**Instructions to follow:**
Please repeat the data below exactly, with the pictures removed.

**The data:**
▬▬▬
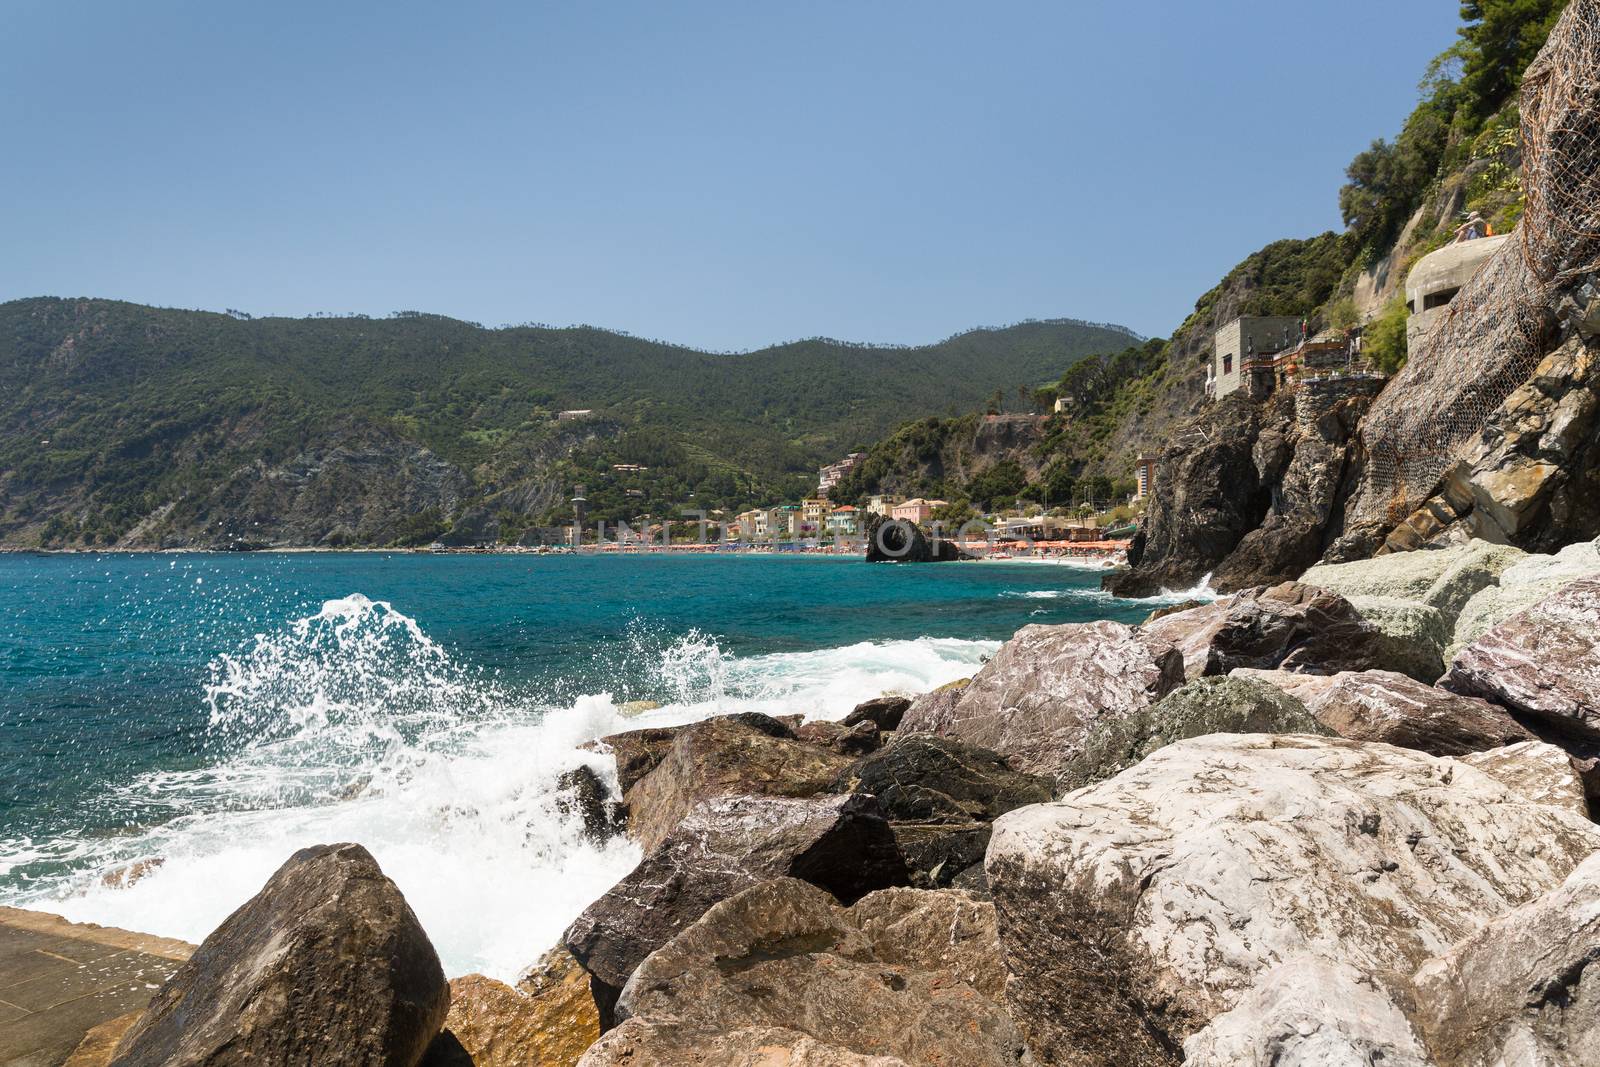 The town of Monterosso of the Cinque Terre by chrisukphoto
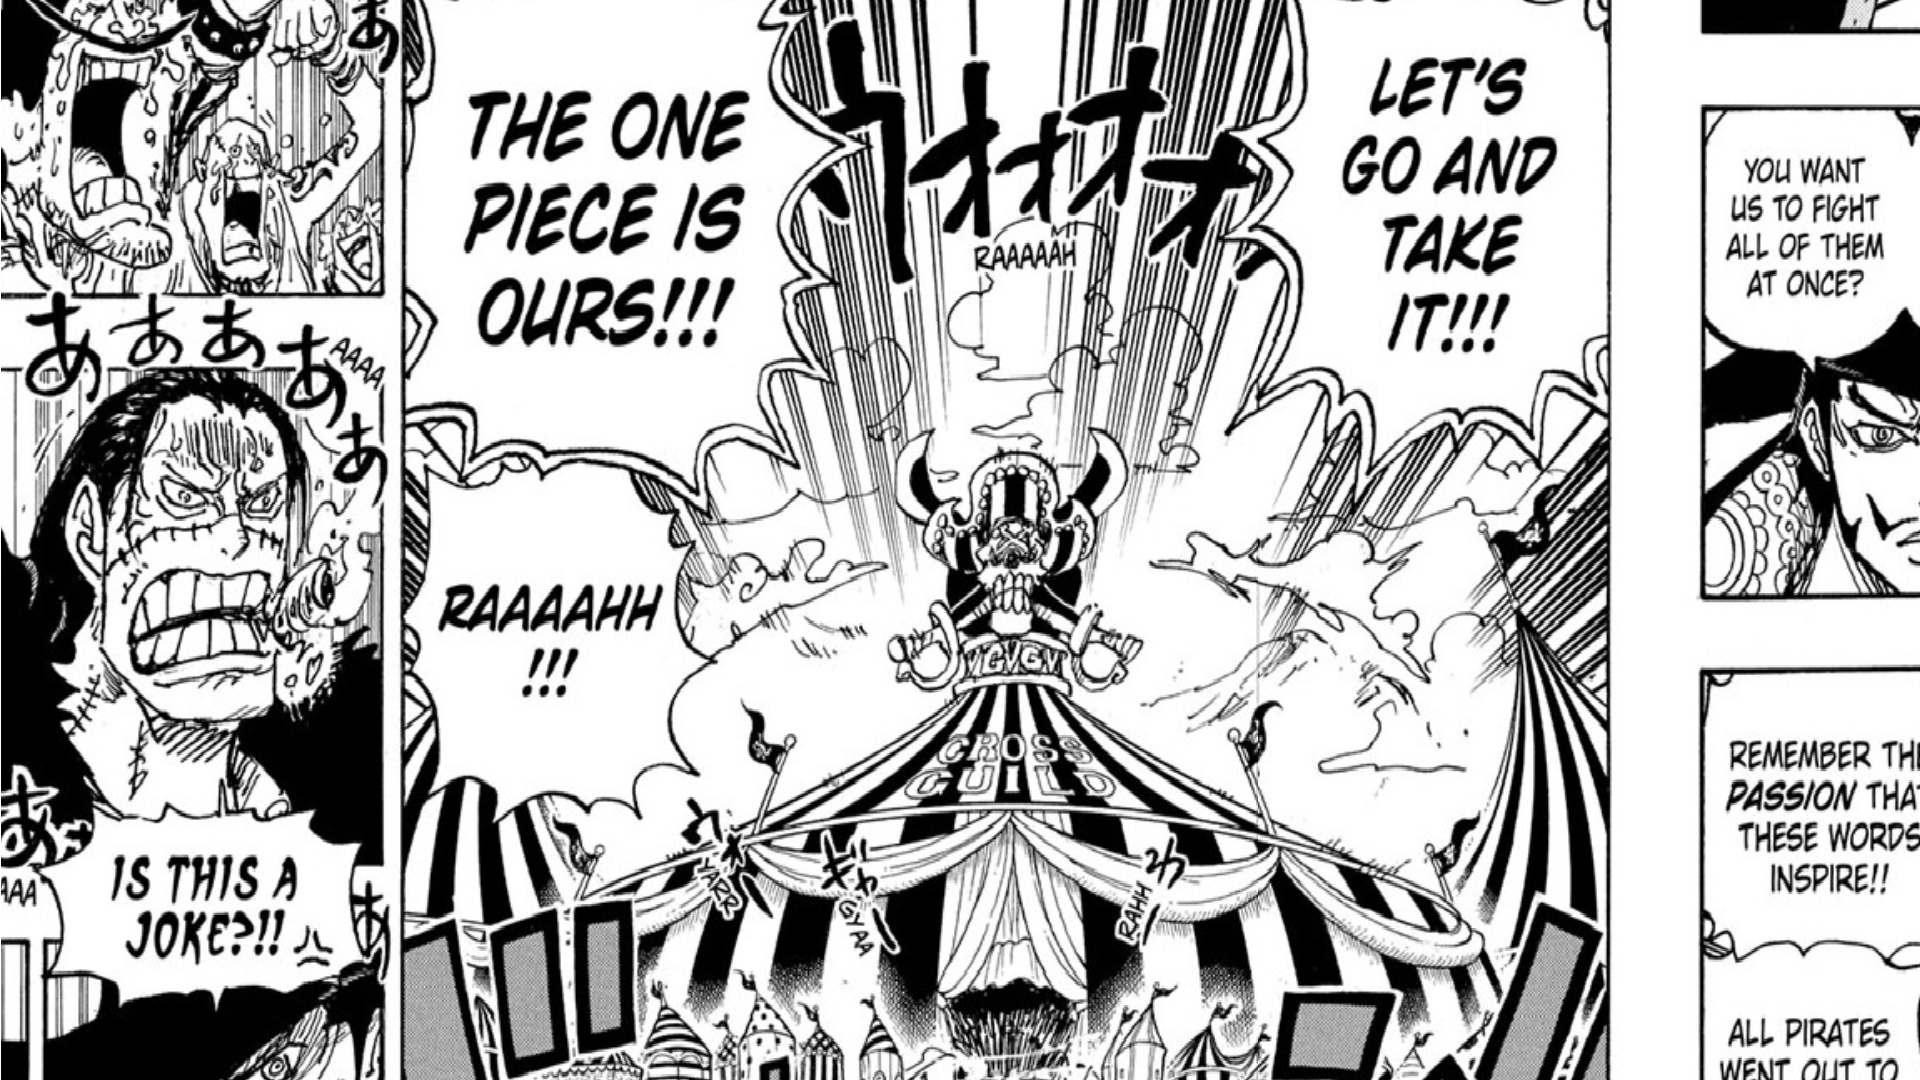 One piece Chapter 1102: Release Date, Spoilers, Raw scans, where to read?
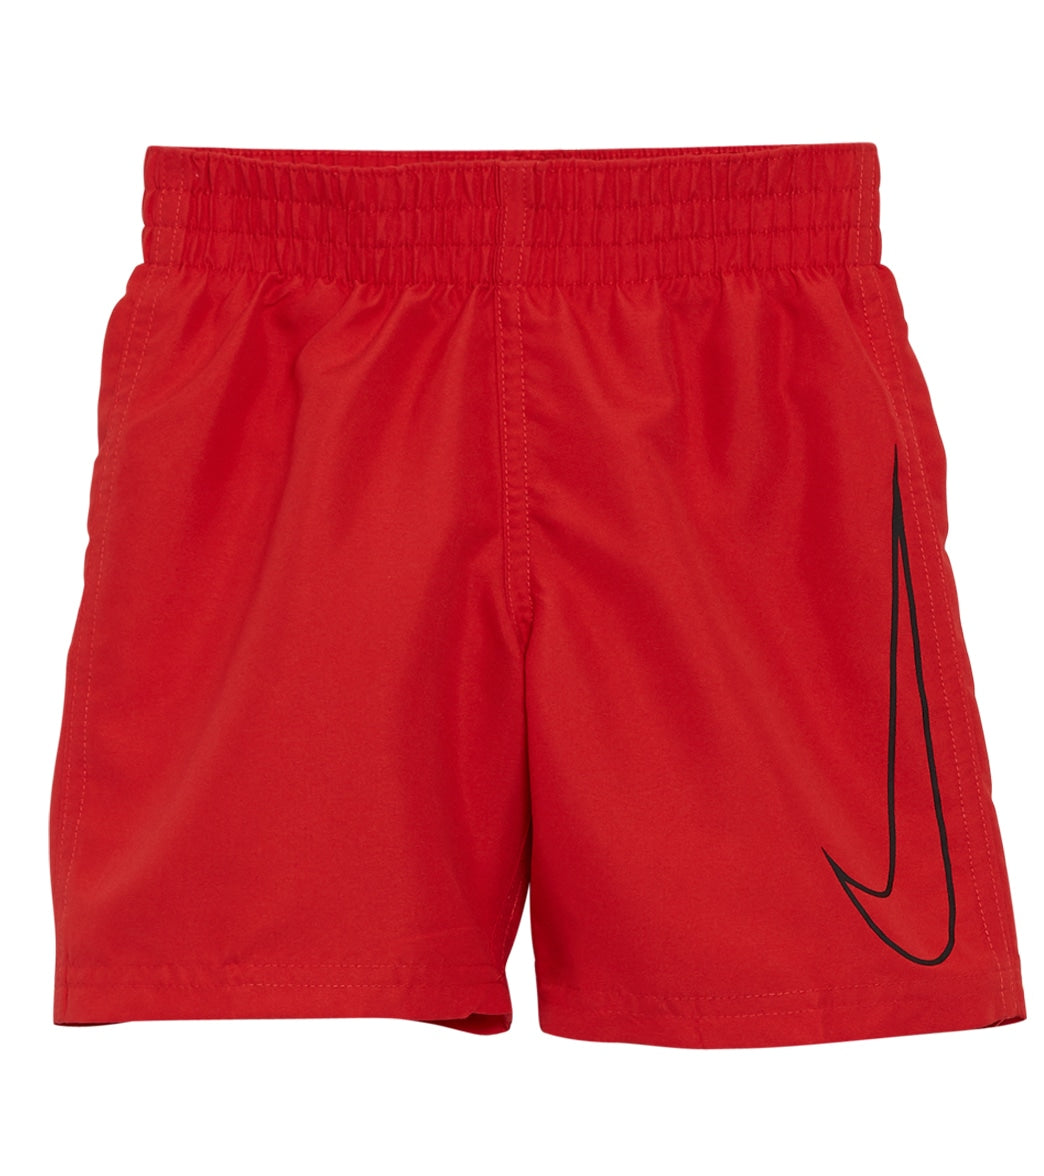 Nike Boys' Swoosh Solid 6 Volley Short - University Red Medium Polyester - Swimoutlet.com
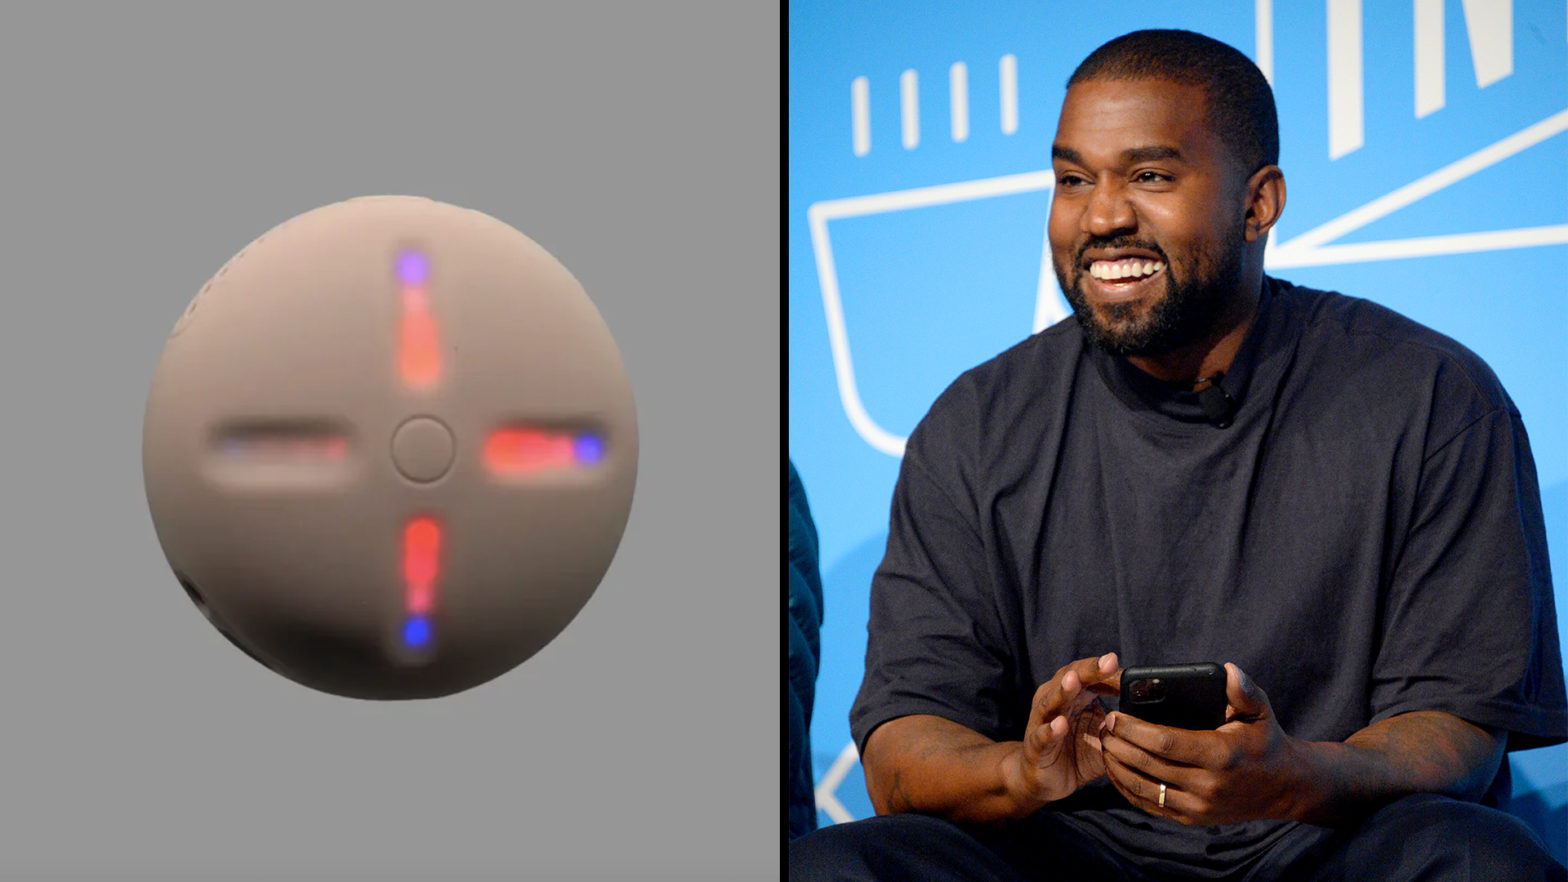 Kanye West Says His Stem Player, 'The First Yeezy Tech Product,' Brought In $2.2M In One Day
▬▬▬
**Output:**
 The town of Monterosso of the Cinque Terre by chrisukphoto
 One piece Chapter 1102: Release Date, Spoilers, Raw scans, where to read?
 Nike Boys' Swoosh Solid 6 Volley Short - University Red Medium Polyester - Swimoutlet.com
 Kanye West Says His Stem Player, 'The First Yeezy Tech Product,' Brought In $2.2M In One Day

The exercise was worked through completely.